Description of problem: File will identify any text file starting with "Má" (iso-8859-1) as a MPEG-4 LO-EP audio stream. Since that character combination is fairly common on several languages, this can cause serious problems. Version-Release number of selected component (if applicable): file-4.17-9 How reproducible: Attached file Steps to Reproduce: 1. $ file magic-bug-sample.txt Actual results: magic-bug-sample.txt: MPEG-4 LO-EP audio stream Expected results: magic-bug-sample.txt: ISO-8859 text Additional info:
Created attachment 159888 [details] Sample file to reproduce the bug
You're right.
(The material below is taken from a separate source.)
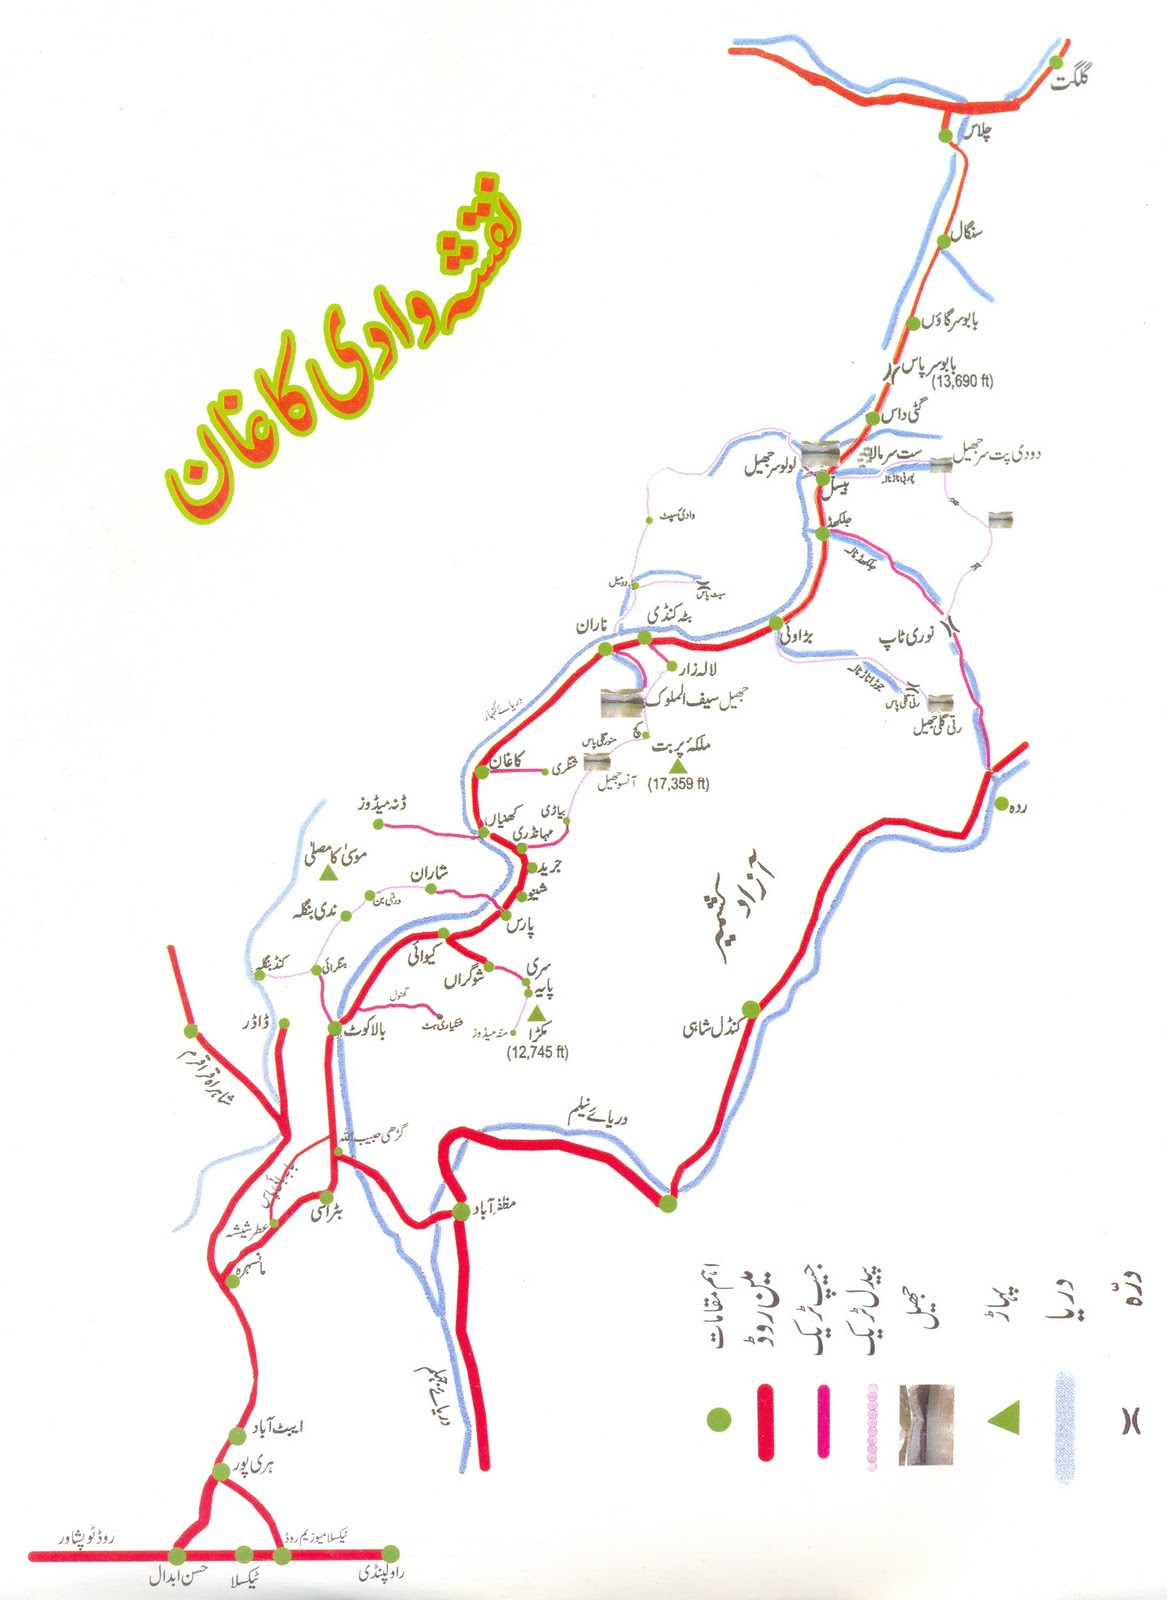 Urdu Map Images - Reverse Search

I think we should rather remove support for the MPEG LO-EP format -- it's very rare and if it really can be determined by the first two bytes only, it makes more sense to report the text files correctly.
That is pretty much what I have been doing on my server. Removing the support for that format and recompiling the mgc file. Interesting too is the fact this only happens with the regular (non-mime) file detection. The mime-type detection shows the file correctly, which points to further problems, since there is a discrepancy between the regular and the mime-type magic files.
This request was evaluated by Red Hat Product Management for inclusion in a Red Hat Enterprise Linux maintenance release. Product Management has requested further review of this request by Red Hat Engineering, for potential inclusion in a Red Hat Enterprise Linux Update release for currently deployed products. This request is not yet committed for inclusion in an Update release.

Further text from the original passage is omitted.